• _GOAL OF THE EXERCISE_: What are the lines, word for word, from the line with "greece nike air" up to and including the line with "Fil'harmonie" in the records below? Omit the pictures.

BEGIN STORED DATA

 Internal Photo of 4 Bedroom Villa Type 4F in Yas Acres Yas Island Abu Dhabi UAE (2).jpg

END STORED DATA
BEGIN STORED DATA

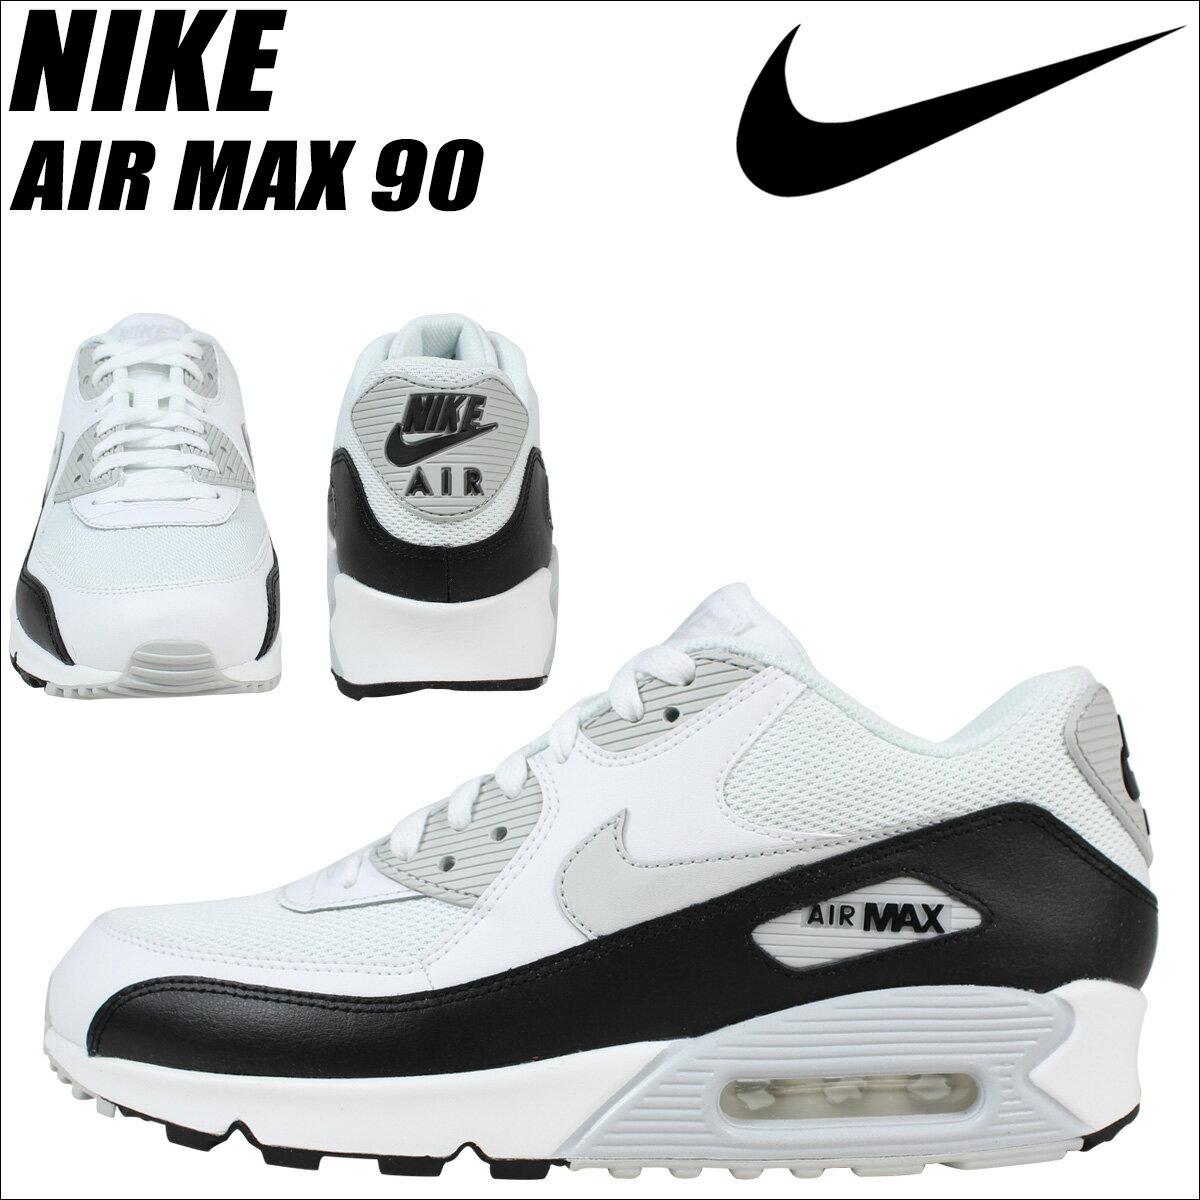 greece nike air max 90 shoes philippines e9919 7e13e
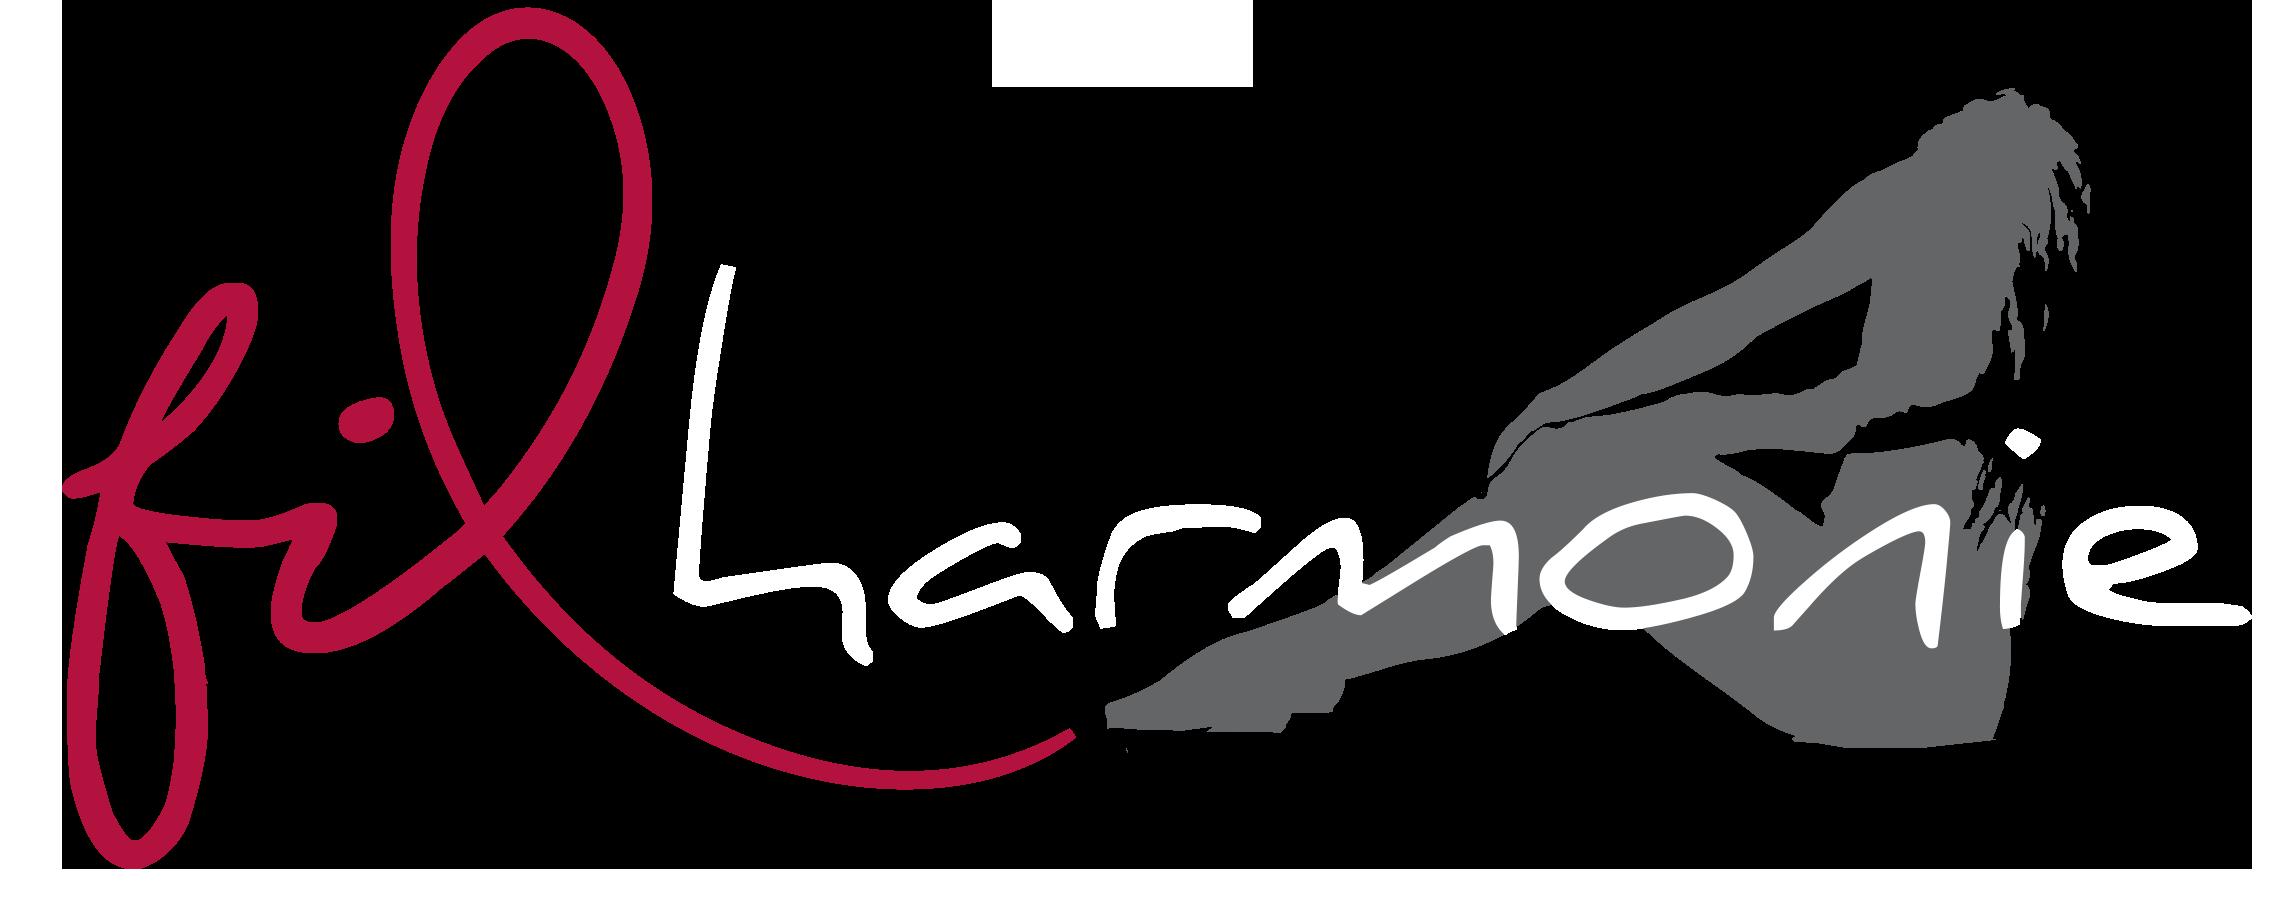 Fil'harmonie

END STORED DATA

• _RESULT OF THIS EXERCISE_:
 greece nike air max 90 shoes philippines e9919 7e13e
 Fil'harmonie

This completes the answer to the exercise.